* [Source data]:
╭──
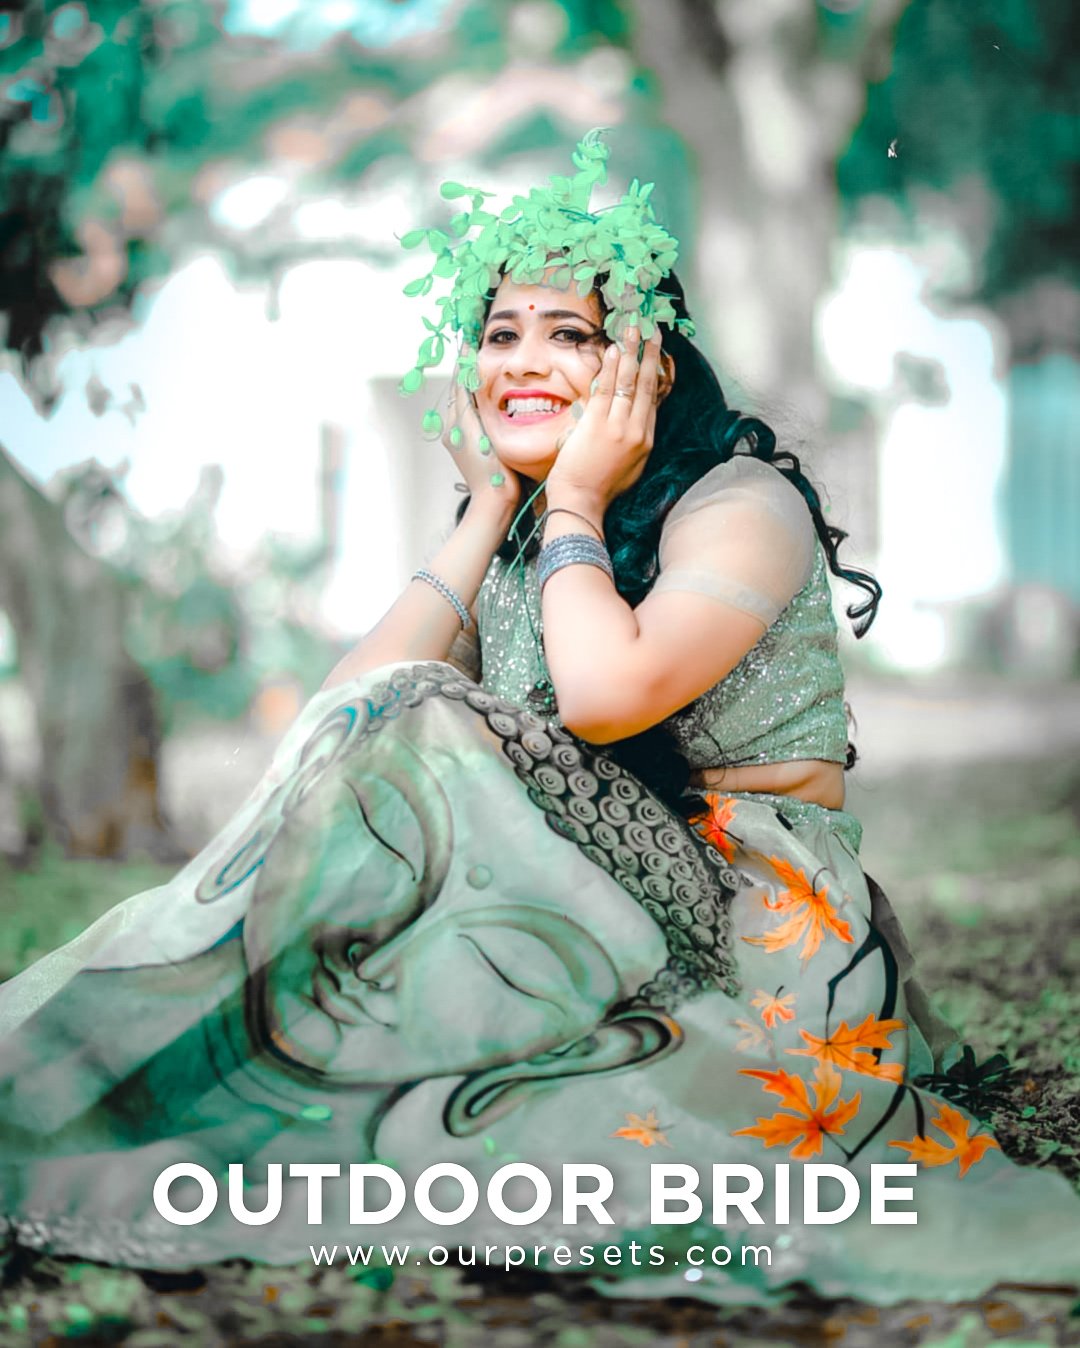 Outdoor bride preset
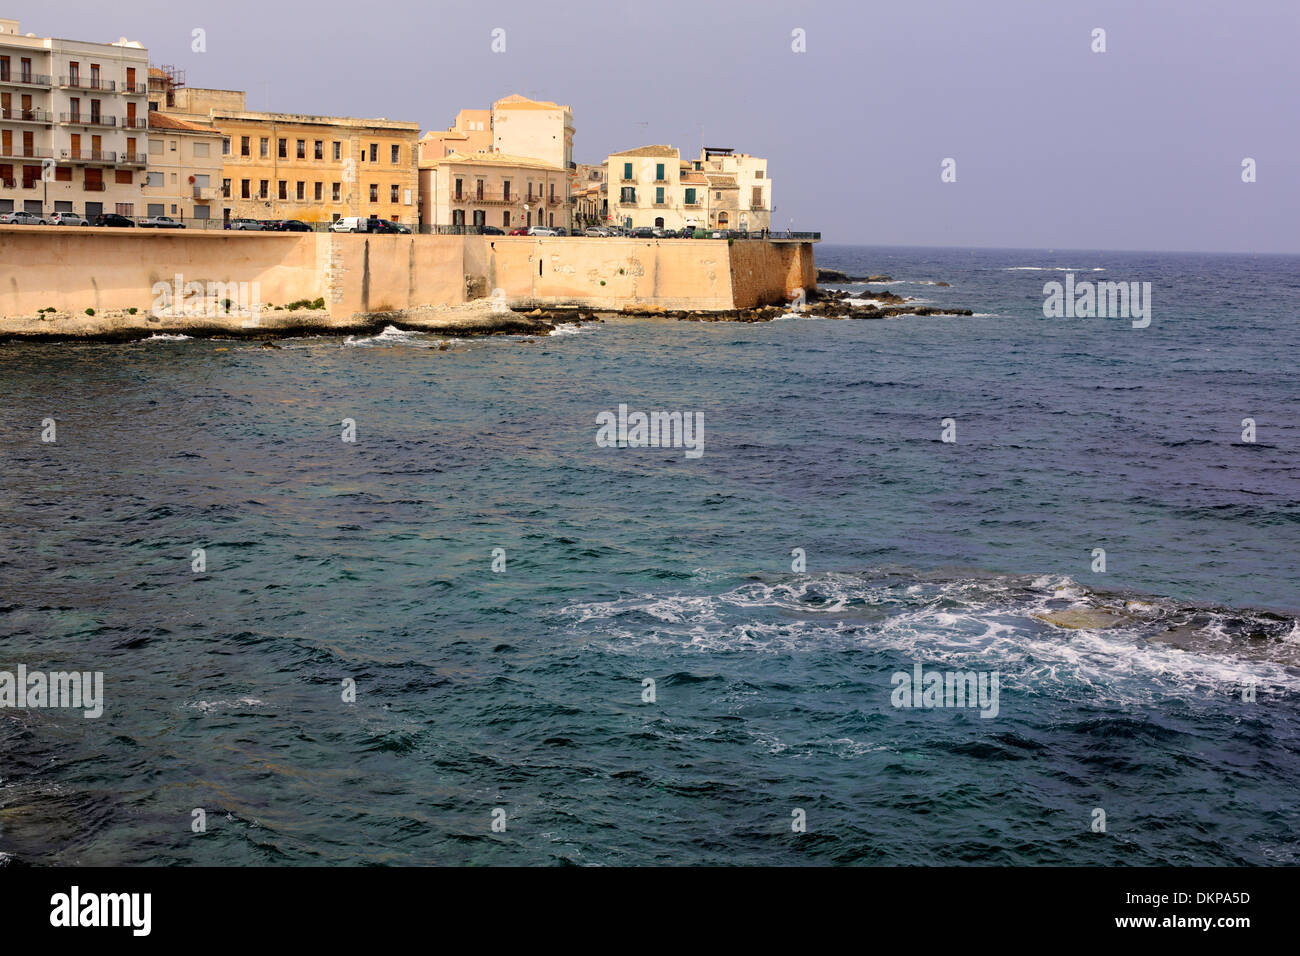 Mediterranean sea, Ortygia, Syracuse, Sicily, Italy Stock Photo
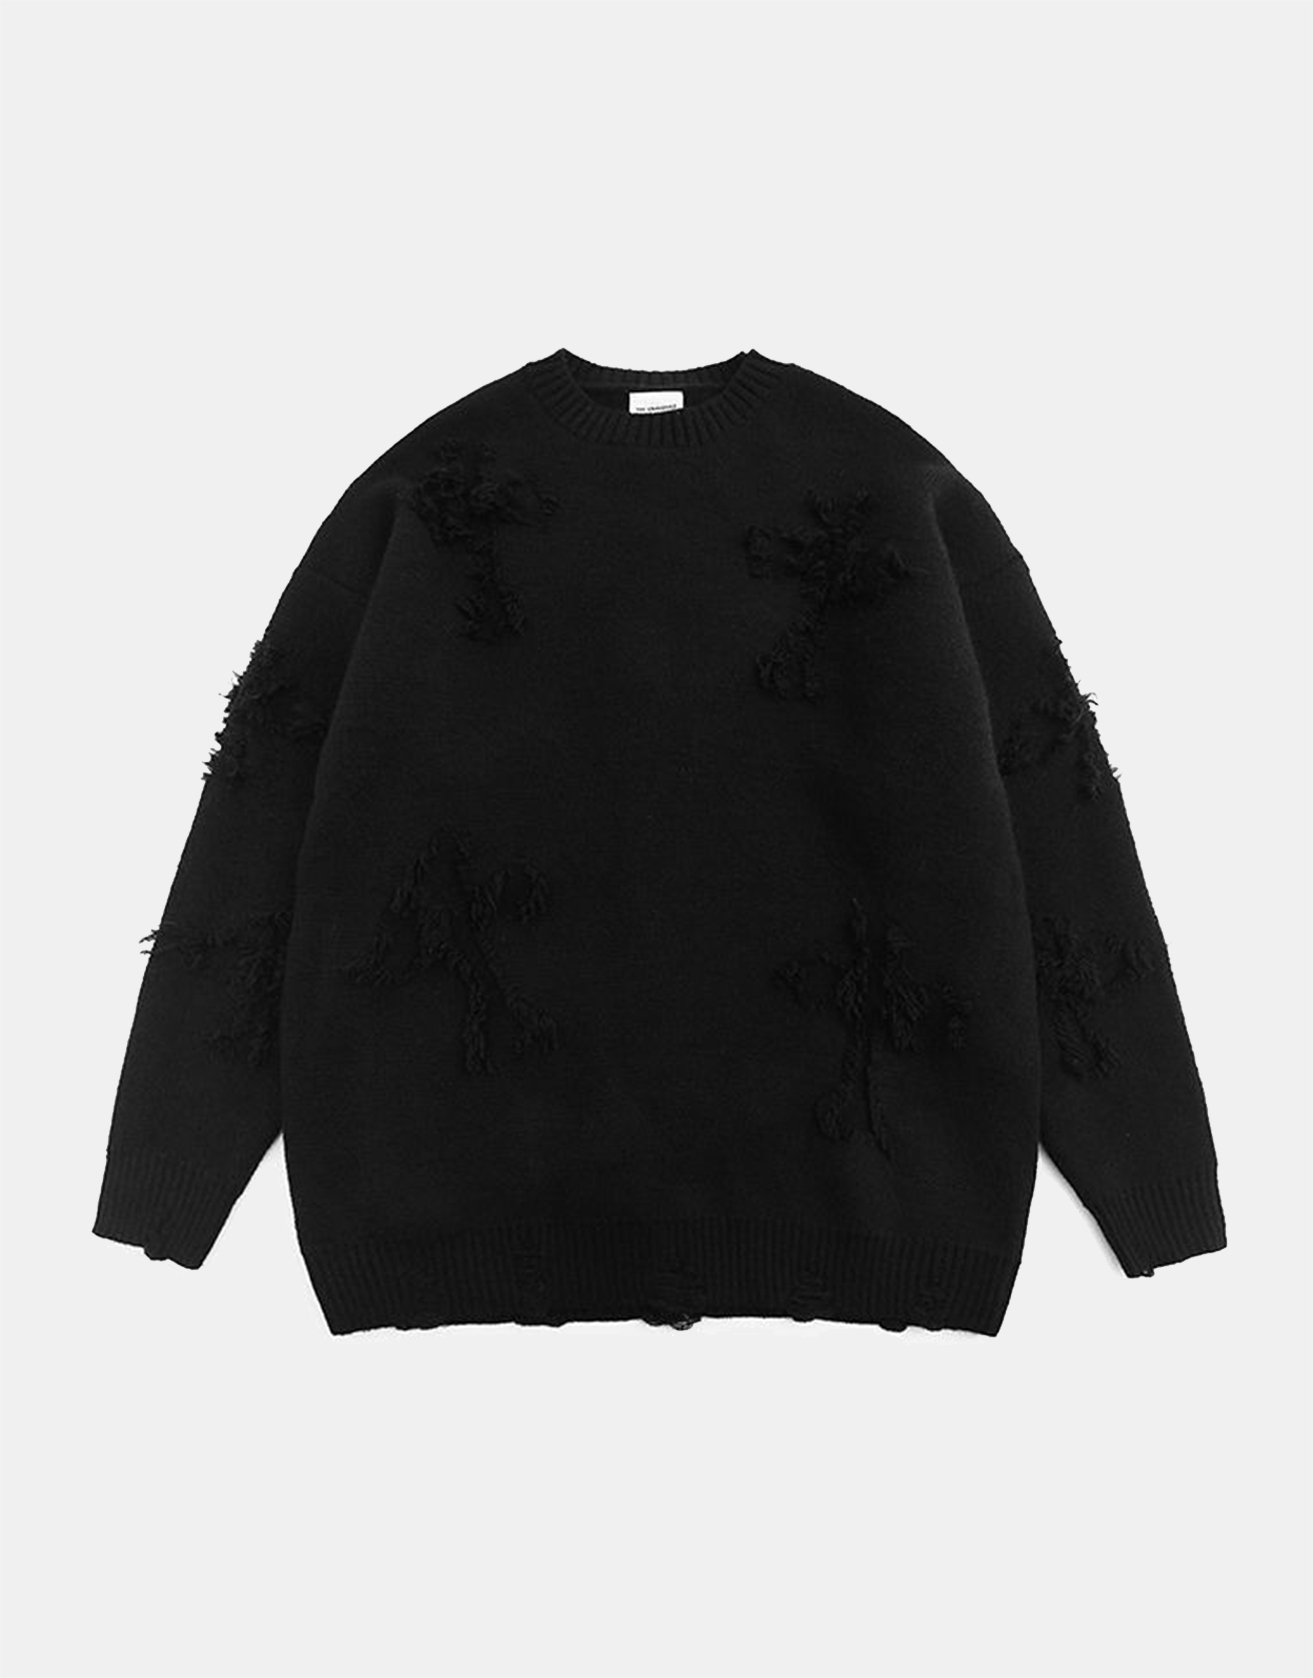 Cross Hole Street Trendy Sweater / TECHWEAR CLUB / Techwear
╰──
* [Required work]: Images should not appear in the copy; retype the listing above exactly.

* [Exercise result]:
 Outdoor bride preset
 Mediterranean sea, Ortygia, Syracuse, Sicily, Italy Stock Photo
 Cross Hole Street Trendy Sweater / TECHWEAR CLUB / Techwear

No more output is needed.